Laurent: Toi aussi, tu as porté l’uniforme comme militaire. Quelles valeurs cette expérience t’a-t-elle laissée?
Moreno Fendero: Ce que j’ai appris à l’armée, aucun autre endroit au monde ne peut l’égaler. La discipline, le savoir-faire, les valeurs et les leçons de vie m’accompagneront jusqu’à mon dernier souffle.

Photo: IG – Moreno Fendero
Laurent: Tu as quitté la France pour reconstruire ta carrière au Québec. À quel moment t’es-tu dit: «Je laisse tout derrière»?
Moreno Fendero: Quand je suis arrivé à Montréal, j’ai tout de suite aimé cette ville… Aujourd’hui, je suis un vrai Montréalais. Et, misère, que c’est bon!
Laurent: Tu es arrivé à Montréal pour la boxe. À quel moment Montréal est-elle devenue chez toi?
Moreno Fendero: Montréal m’a adopté. Je suis arrivé à Montréal comme un roi et je repartirai comme une légende… mais, au fond de moi, j’espère qu’on ne me laissera jamais repartir.
Laurent: Qu’est-ce que Montréal t’a apporté?
Moreno Fendero: Montréal m’a apporté de la concentration, une grande autonomie et une autre façon de voir la vie. Sa plus grande richesse, ce sont ses habitants.
Laurent: Si un ami hésitait à venir vivre à Montréal?
Moreno Fendero: Je lui dirais simplement : viens. Je prendrai soin de toi comme Montréal a pris soin de moi.

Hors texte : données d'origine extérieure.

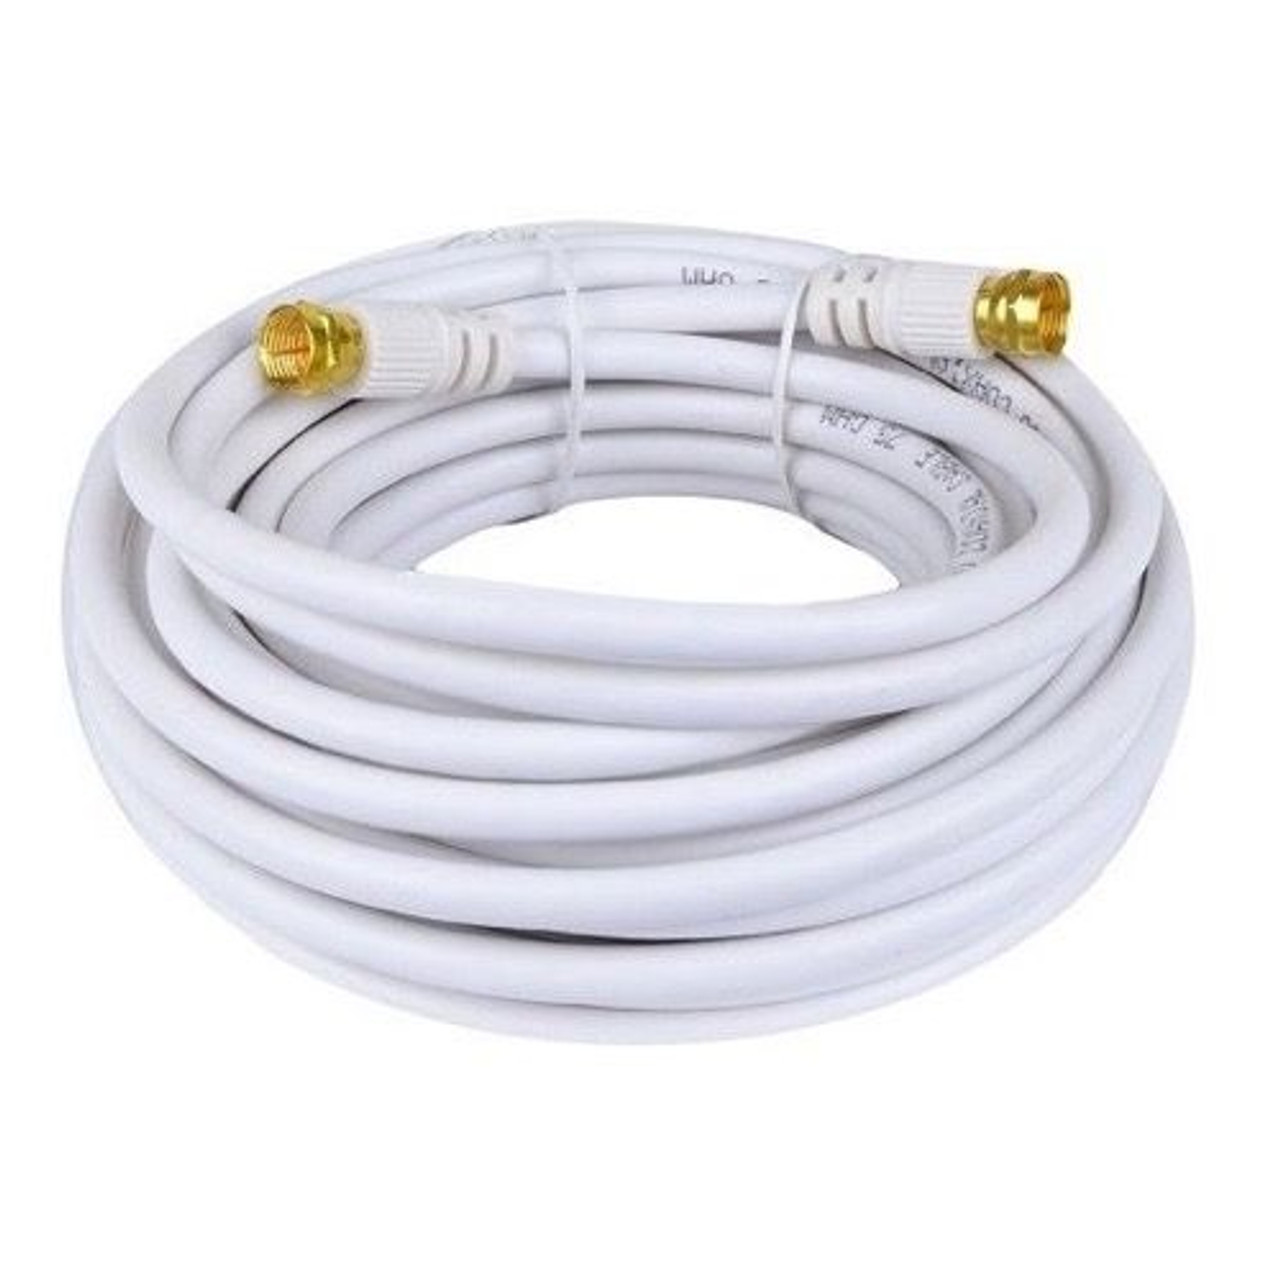 Eagle 25' FT RG59 Coaxial Cable White with F-Connector Each End 75 Ohm Factory Installed Gold RG-59 Coax Audio Video Signal Component Shielded TV Jumper

photo: IG – Moreno Fendero
Laurent: Après tout ce que tu as vécu, qu’est-ce qui te pousse encore à monter sur un ring?
Moreno Fendero: J’ai encore des choses à me prouver. Je suis un éternel insatisfait, et c’est ce qui me pousse à me dépasser.
Laurent: Que doivent retenir les amateurs de Moreno Fendero?
Moreno Fendero: Mon sourire à un million de dollars! Derrière ce sourire, il y a un homme qui travaille et qui se relève toujours.
Laurent: Que changerait une victoire le 3 septembre?
Moreno Fendero: C’est une demi-finale extrêmement importante. Même après le décès de mon frère, je suis resté dans ma bulle parce que je lui avais promis une surprise.
Laurent: Une victoire te rapprocherait-elle des sommets?
Moreno Fendero: Oui, elle me rapprocherait des meilleures positions mondiales. Je travaille chaque jour pour offrir le meilleur spectacle possible.

photo: Vitor Munhoz – Moreno Fendero
Même s’il ne doit pas regarder plus loin que Stéphane Fondjo, le protégé d’Ian MacKillop sait très bien ce qui est en jeu. Fondjo représente un défi de taille par sa portée et son expérience. Une victoire convaincante enverrait un message clair à la division des 168 livres.
Le 3 septembre, Moreno Fendero sera prêt.